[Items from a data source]
_ _ _
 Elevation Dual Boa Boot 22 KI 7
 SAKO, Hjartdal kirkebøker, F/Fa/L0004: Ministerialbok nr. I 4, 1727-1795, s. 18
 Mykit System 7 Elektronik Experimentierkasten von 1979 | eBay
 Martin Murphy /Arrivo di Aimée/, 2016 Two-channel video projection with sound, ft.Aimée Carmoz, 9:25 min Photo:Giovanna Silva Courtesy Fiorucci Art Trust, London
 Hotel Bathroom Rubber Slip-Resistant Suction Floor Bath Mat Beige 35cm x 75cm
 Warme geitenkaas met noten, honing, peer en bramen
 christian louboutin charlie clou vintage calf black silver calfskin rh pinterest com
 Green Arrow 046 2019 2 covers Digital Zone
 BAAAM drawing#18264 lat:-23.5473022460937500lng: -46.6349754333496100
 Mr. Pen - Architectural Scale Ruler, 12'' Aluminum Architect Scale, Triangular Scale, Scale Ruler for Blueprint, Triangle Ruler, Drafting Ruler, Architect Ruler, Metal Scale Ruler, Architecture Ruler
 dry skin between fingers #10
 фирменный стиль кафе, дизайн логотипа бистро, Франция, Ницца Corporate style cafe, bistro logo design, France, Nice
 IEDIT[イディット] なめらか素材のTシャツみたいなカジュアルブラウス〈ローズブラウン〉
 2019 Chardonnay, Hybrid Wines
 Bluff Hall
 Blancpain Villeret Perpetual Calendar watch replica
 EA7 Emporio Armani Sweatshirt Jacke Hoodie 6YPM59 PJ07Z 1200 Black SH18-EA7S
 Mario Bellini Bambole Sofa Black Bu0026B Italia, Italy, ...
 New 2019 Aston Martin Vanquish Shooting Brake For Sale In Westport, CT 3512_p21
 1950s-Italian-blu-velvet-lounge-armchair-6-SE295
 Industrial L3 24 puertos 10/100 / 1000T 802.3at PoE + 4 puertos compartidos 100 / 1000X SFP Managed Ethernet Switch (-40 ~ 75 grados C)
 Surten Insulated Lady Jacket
_ _ _
- [Work instructions] Check each line above for the string "Martin" and return those that contain it.

- [Exercise response]
 Martin Murphy /Arrivo di Aimée/, 2016 Two-channel video projection with sound, ft.Aimée Carmoz, 9:25 min Photo:Giovanna Silva Courtesy Fiorucci Art Trust, London
 New 2019 Aston Martin Vanquish Shooting Brake For Sale In Westport, CT 3512_p21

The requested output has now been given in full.